This secret Google IO announcement is big news for fitness fans

At Google IO 2022, the company’s big showcase for all its new tech and software programs, we didn’t hear anything about Health Connect. That’s not a total surprise – we’d never heard of it before – but despite its small-scale announcement, this could be a huge new Android feature.

Announced in relative secrecy in the Android Developers blog, which is, according to the company, “a platform and API for Android app developers,” to let them “securely access and share health and fitness data across Android devices”. Or, in other words, it’s a way to let all your health and fitness apps work in harmony.

If you use health tech, you’ve probably got loads of health apps on your phone. You might have one for diet information, another for your fitness tracker, another for your running watch that you take on longer outings, another for your smart scales, and yet another to broadcast your run distances to all your friends.

A fitting change

This is especially an issue if you change your fitness gadgets – you end up having to start your records all over again.

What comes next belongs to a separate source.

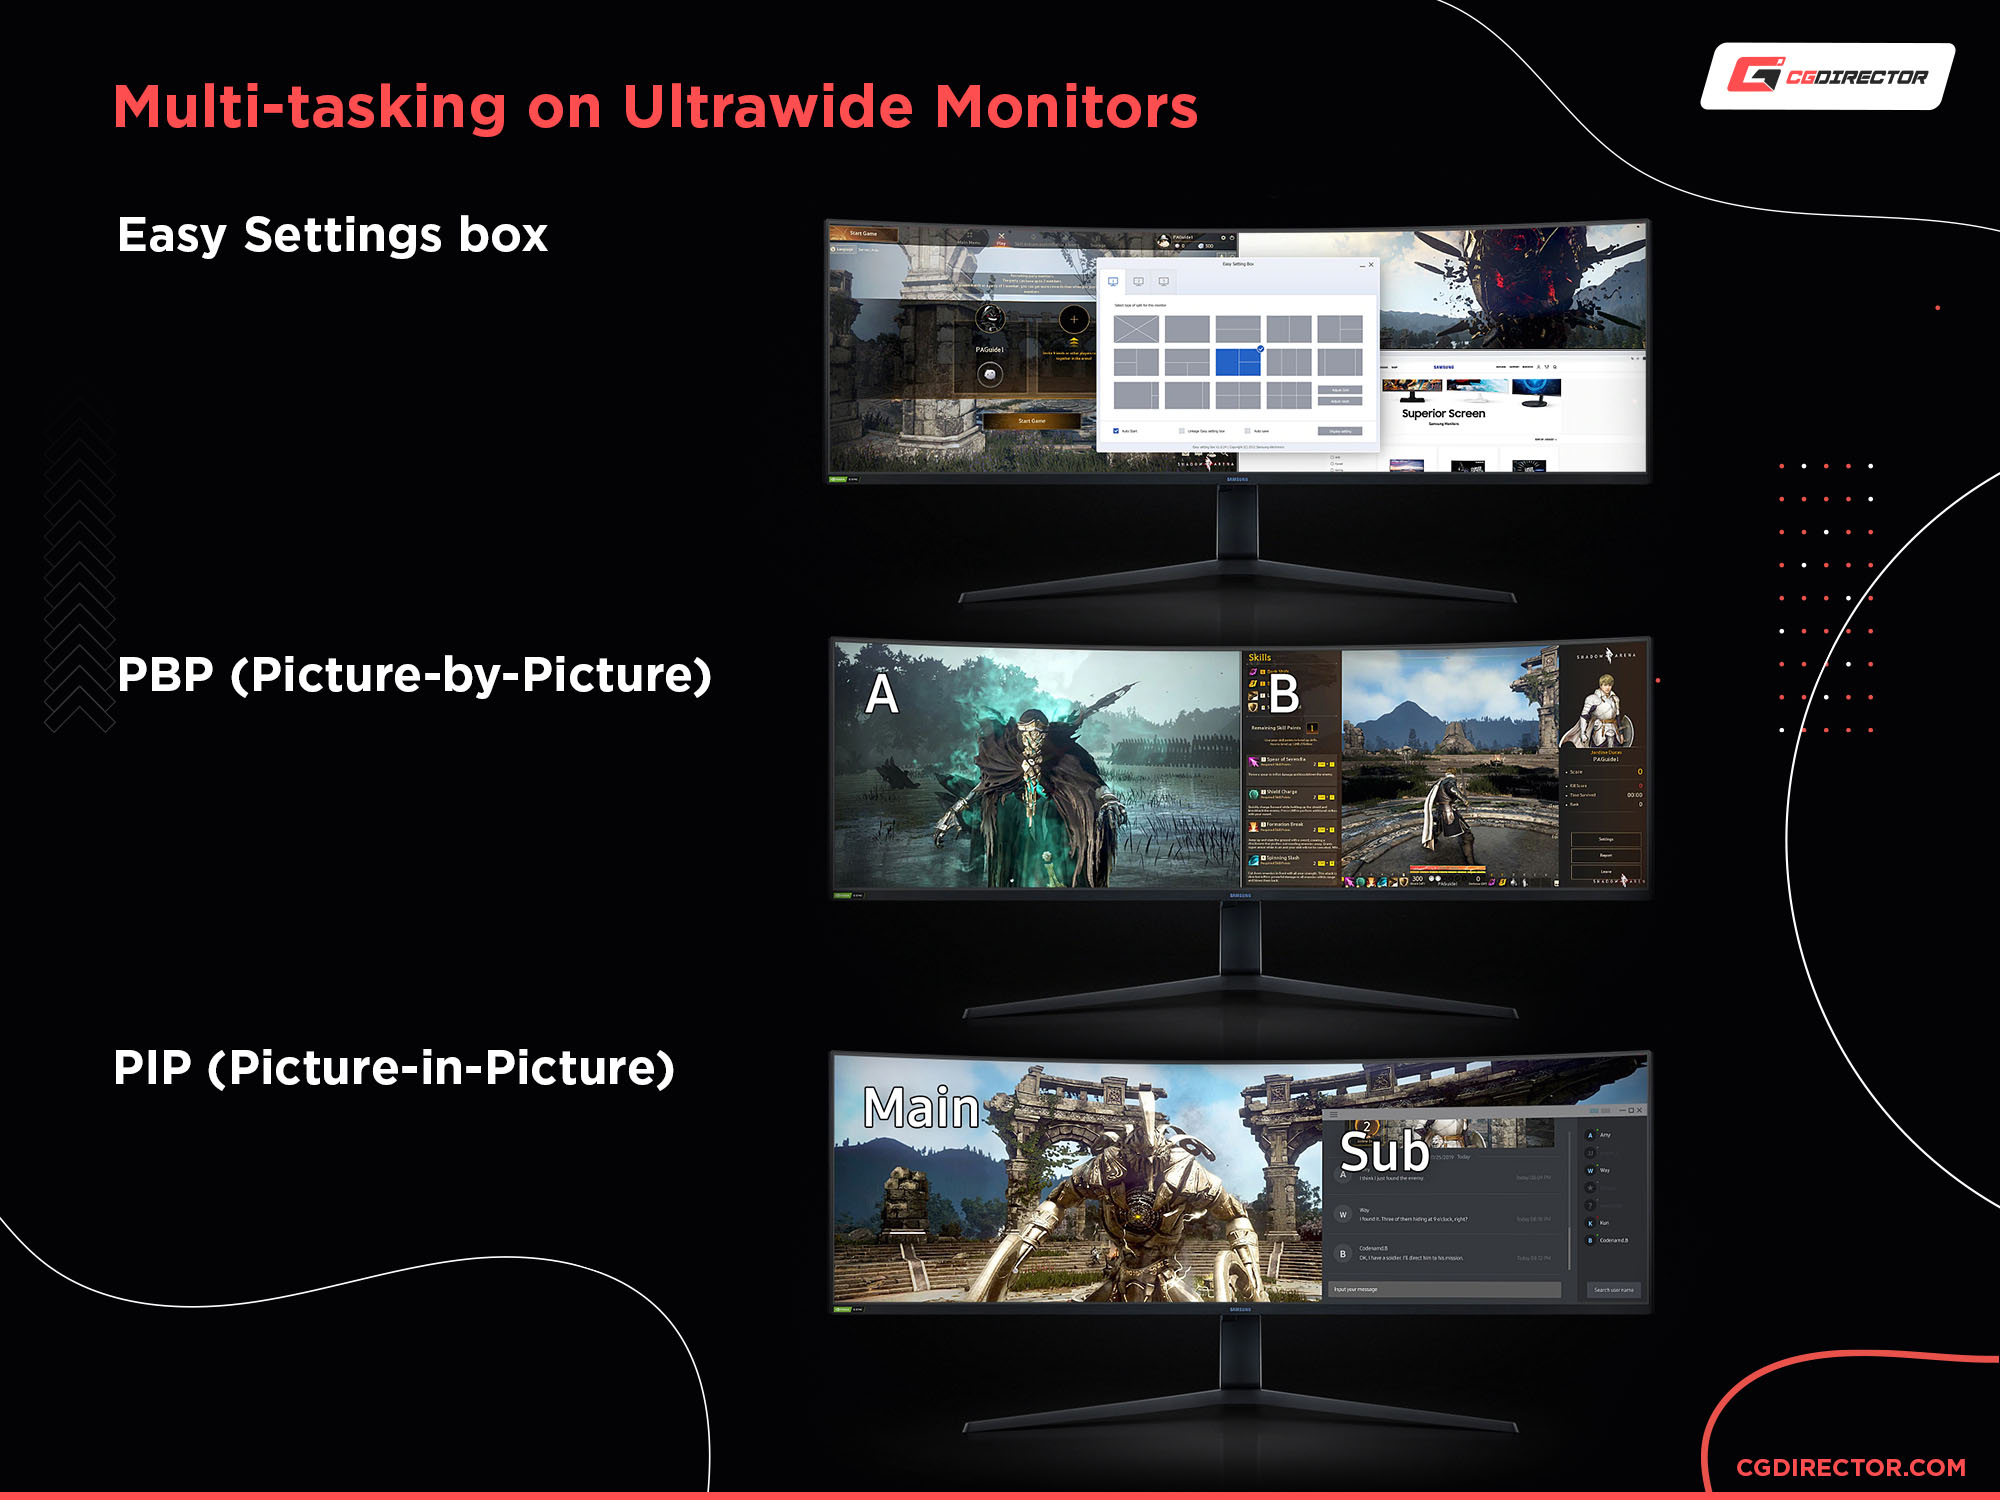 Multi-tasking on ultrawide monitors

But not anymore.

In theory, Health Connect lets apps share all that information, so you can use just one app to see and monitor all your health stats and specs.

Sounds useful, right? Well, lots of developers have already agreed to it. Samsung’s Health app and two Google apps, Google Fit and Fitbit, are the first to start using it, as well as third-party apps like MyFitnessPal, Leap Fitness and Withings. So there are some big names on board already, which likely means more will follow.

It’s not a totally novel idea – Garmin Connect, for instance, is able to absorb data from MyFitnessPal, a plethora of smart scales and smart water bottles and more to build a robust picture of everything that’s happening in your health-based world. But it doesn’t allow all data to be sucked in – for most things, you’ll need a Garmin device.

This idea makes it all more universal, so all app developers can make their own rival to big titles like Garmin Connect.

Don’t expect to reap the benefits of Health Connect straight away. The Android Developers’ blog is for… well, Android developers, so Google is still clearly aiming to get new developers on board. This likely means that it’ll be quite some time before you get to share your health stats between apps.